The "Smallville" actress has said her involvement in the group was "the biggest mistake and greatest regret of my life."
Image: Allison Mack
Allison Mack, center, leaves federal court with her mother, Mindy Mack, after being sentenced on June 30, 2021, in New York.Mary Altaffer / AP

A federal judge Wednesday sentenced "Smallville" actress Allison Mack to three years in prison for her role in a purported self-help group that prosecutors say doubled as a secret sex cult.

Mack pleaded guilty in 2019 to various crimes, including extortion and forced labor, when she was a high-ranking member of NXIVM, the upstate New York group led by Keith Raniere, who is now serving a 120-year prison sentence.
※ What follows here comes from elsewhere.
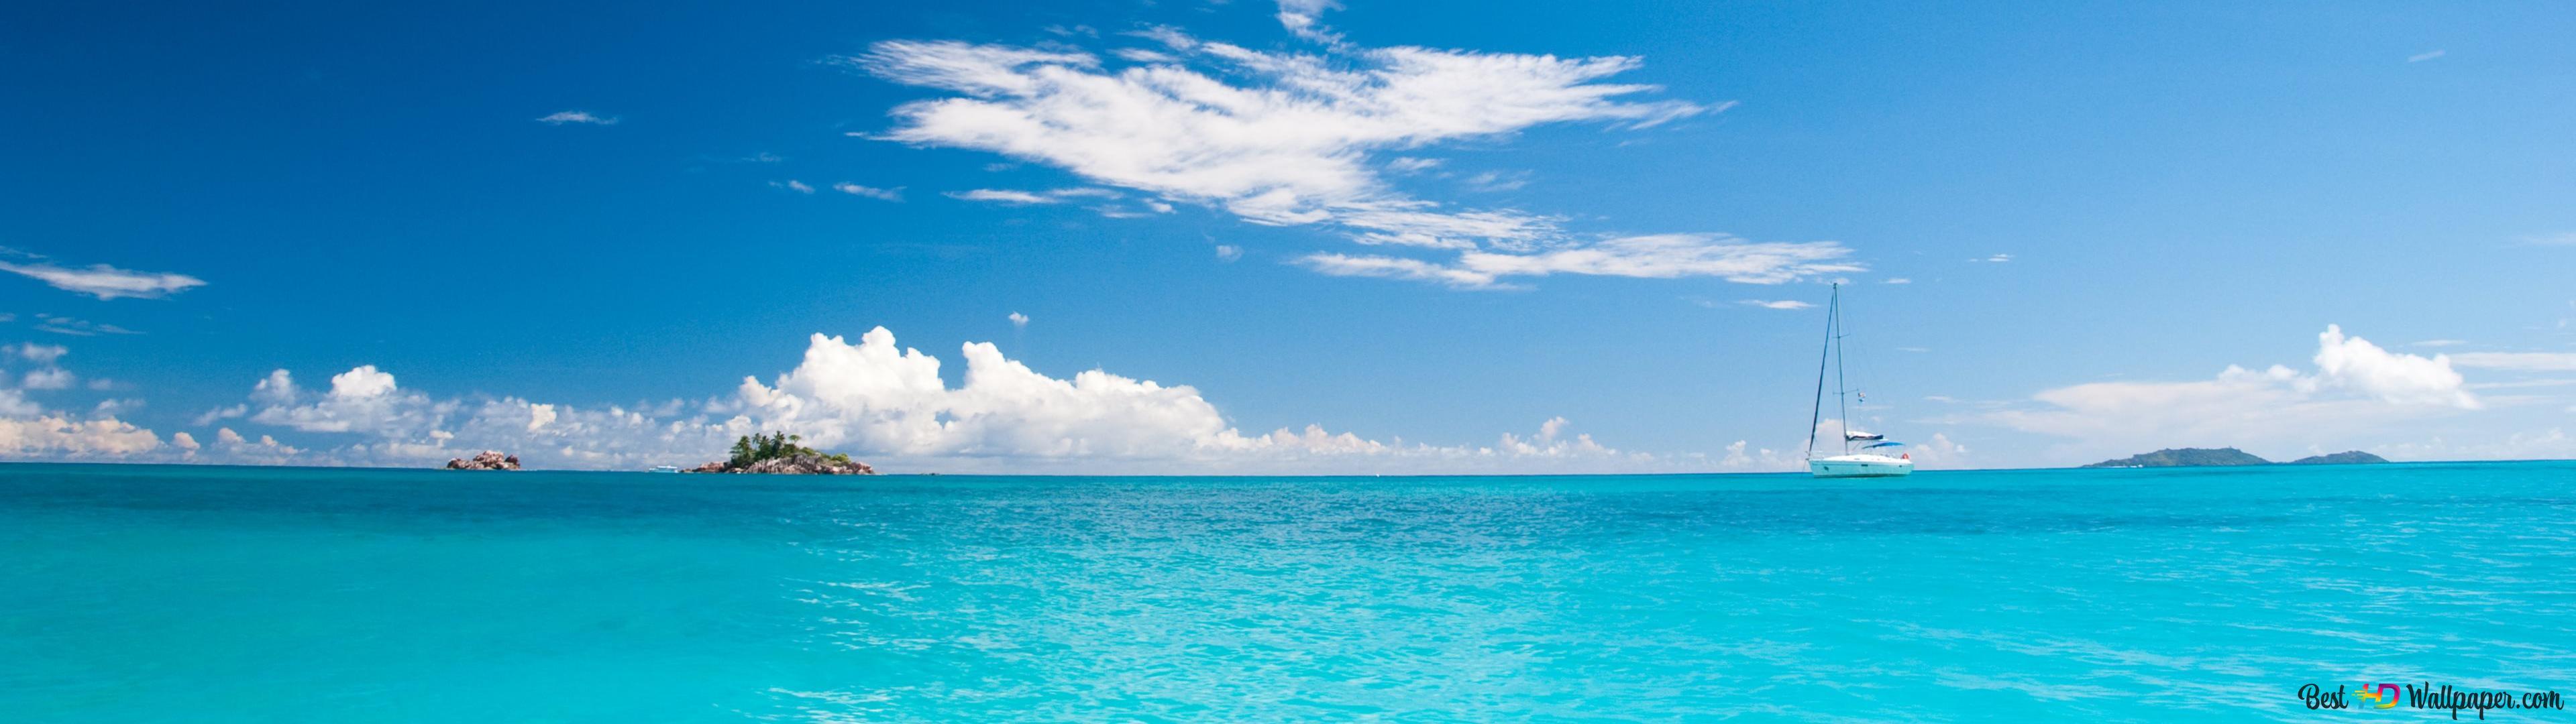 海と空 Hd壁紙のダウンロード

Mack appeared before U.S. District Count Judge Nicholas Garaufis in Brooklyn to learn her fate.

Based on federal sentencing guidelines, Mack faced 14 to 17 1/2 years behind bars, though prosecutors said the actress deserved less time because of her cooperation with investigators.

"She cannot undo what has been done, and she will have to live with the regret for the rest of her life," Mack's lawyers said in a court filing last week. "But Ms. Mack still holds the potential to be valuable to society — as a family member, as a friend, as a helper to those in need and as a cautionary tale."

Also in last week's filing, Mack, 38, said she understands the physical and emotional pain she inflicted on cult victims.

"I have experienced overwhelming shame as I have worked to accept and understand all that went on and all that I chose," Mack wrote.

Devoting "my loyalty, my resources, and, ultimately, my life to" Raniere, she said, "was the biggest mistake and greatest regret of my life."

"I am sorry to those of you that I brought into NXIVM," Mack continued. "I am sorry I ever exposed you to the nefarious and emotionally abusive schemes of a twisted man. I am sorry that I encouraged you to use your resources to participate in something that was ultimately so ugly."

Former NXIVM members have told investigators how Raniere established the secret sorority within NXIVM in which women were kept on starvation diets, branded with his initials and ordered to have sex with him.

Mack and other group leaders used nude photos and other compromising material to pressure members into complying, prosecutors have said.

Mack is best known for her work in "Smallville," which ran on the WB and then the CW networks from 2001 to 2011, playing Chloe Sullivan, the close friend to young Clark Kent.